TASK MATERIAL:
__________________________________________________

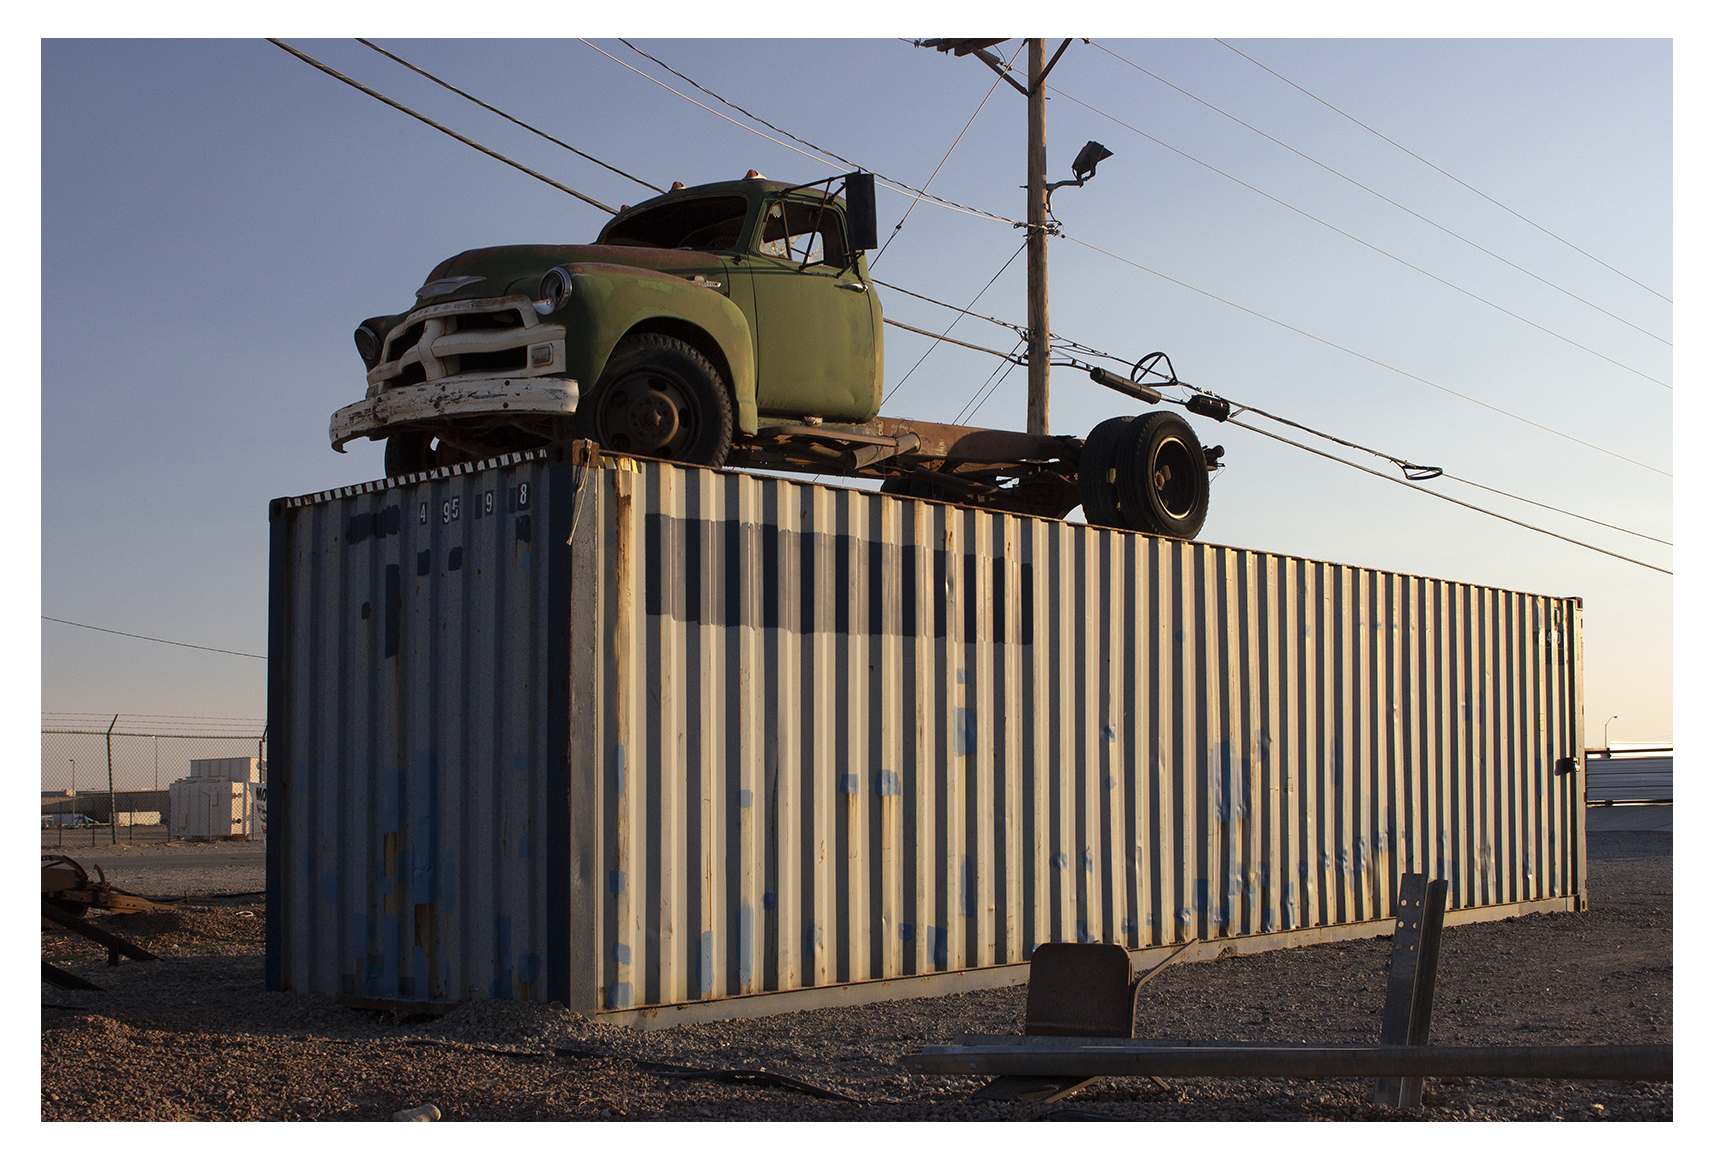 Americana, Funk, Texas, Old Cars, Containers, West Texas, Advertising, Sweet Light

__________________________________________________

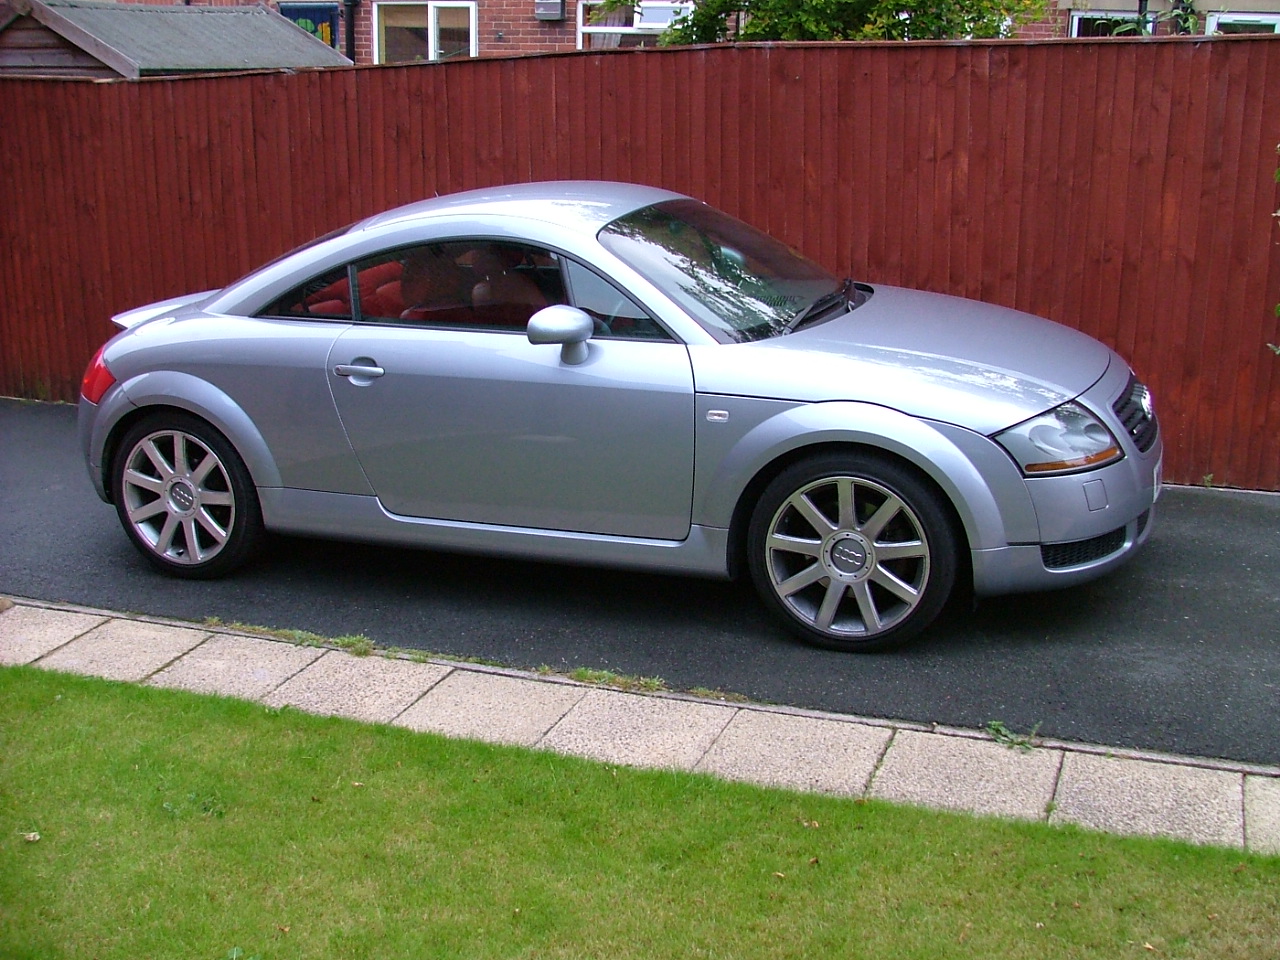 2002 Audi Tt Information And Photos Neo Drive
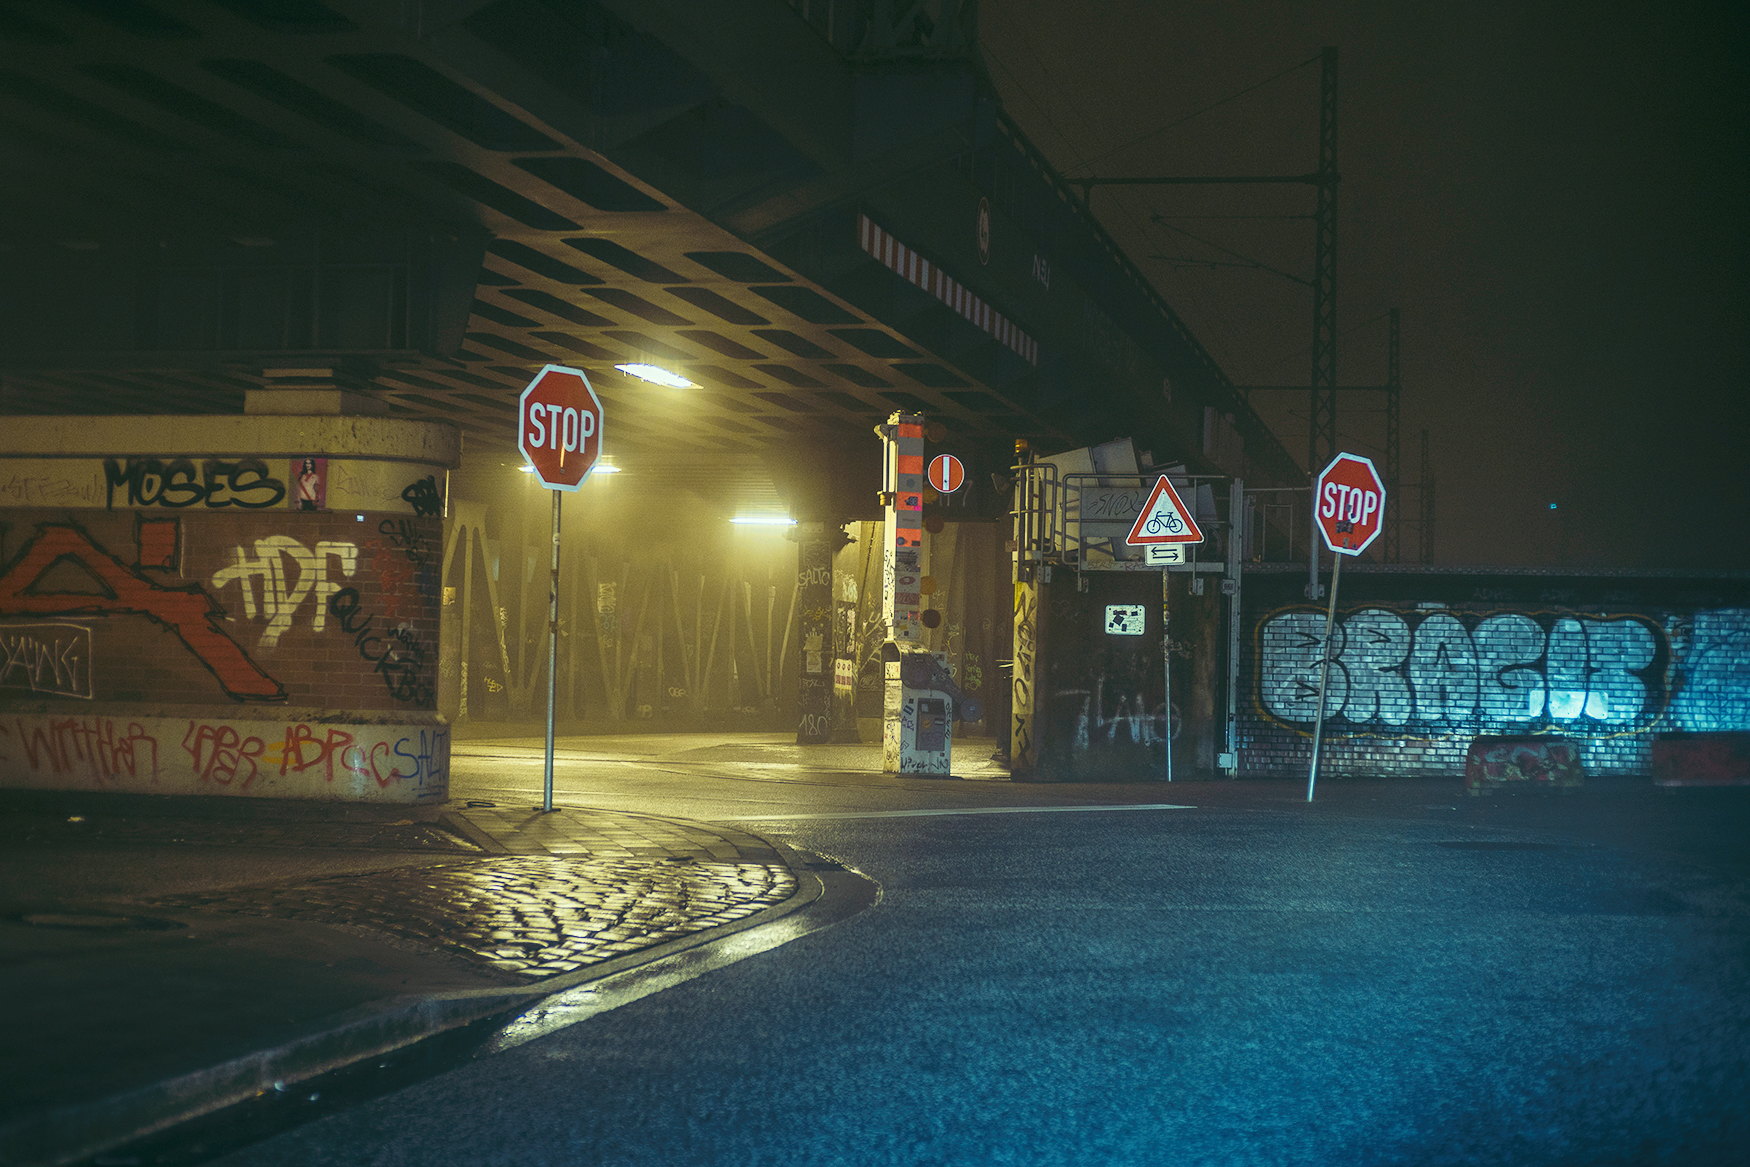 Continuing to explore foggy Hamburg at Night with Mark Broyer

__________________________________________________

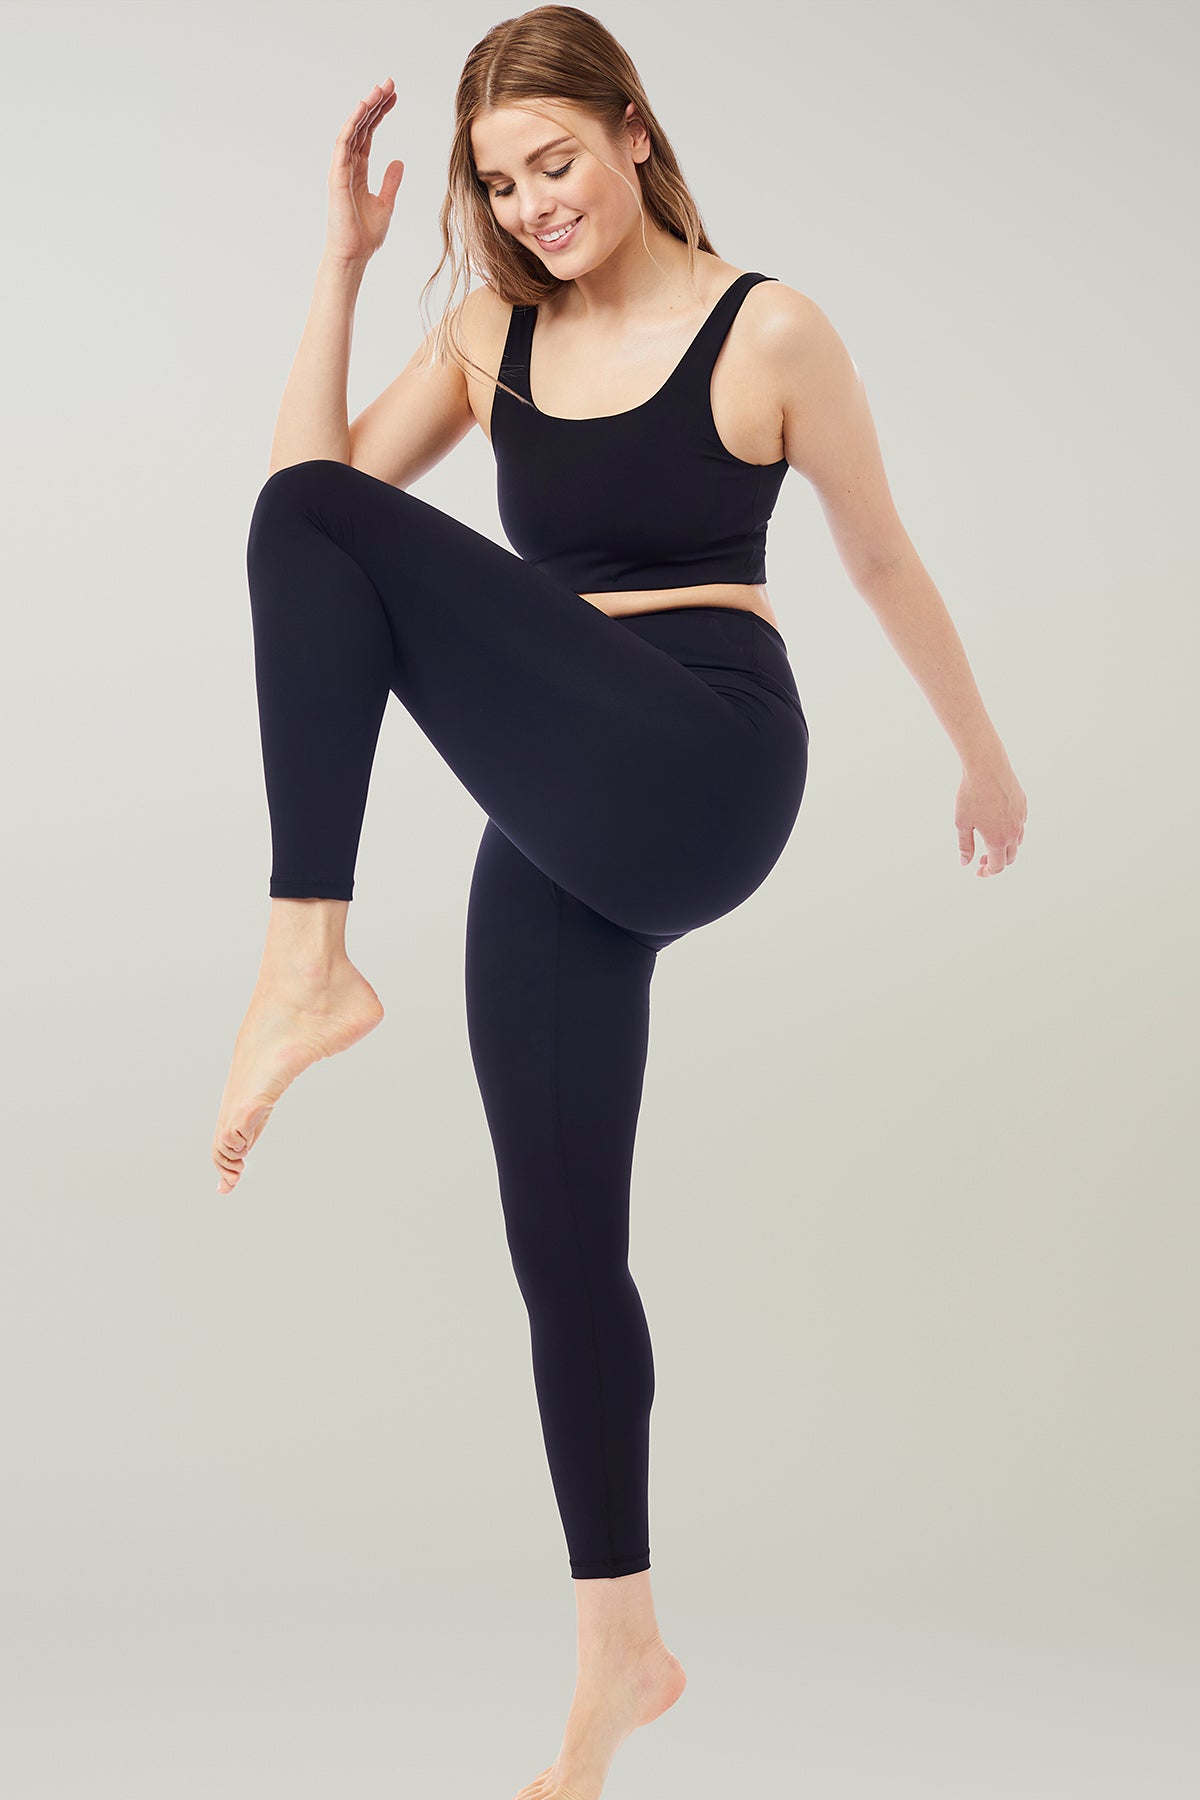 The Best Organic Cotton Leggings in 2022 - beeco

__________________________________________________

ACTIVITY: Only the lines above from the one containing "2002 Audi Tt" through the one containing "Continuing to explore" should be returned, verbatim and inclusive, with pictures excluded.

OUTPUT FOR THIS TASK:
 2002 Audi Tt Information And Photos Neo Drive
 Continuing to explore foggy Hamburg at Night with Mark Broyer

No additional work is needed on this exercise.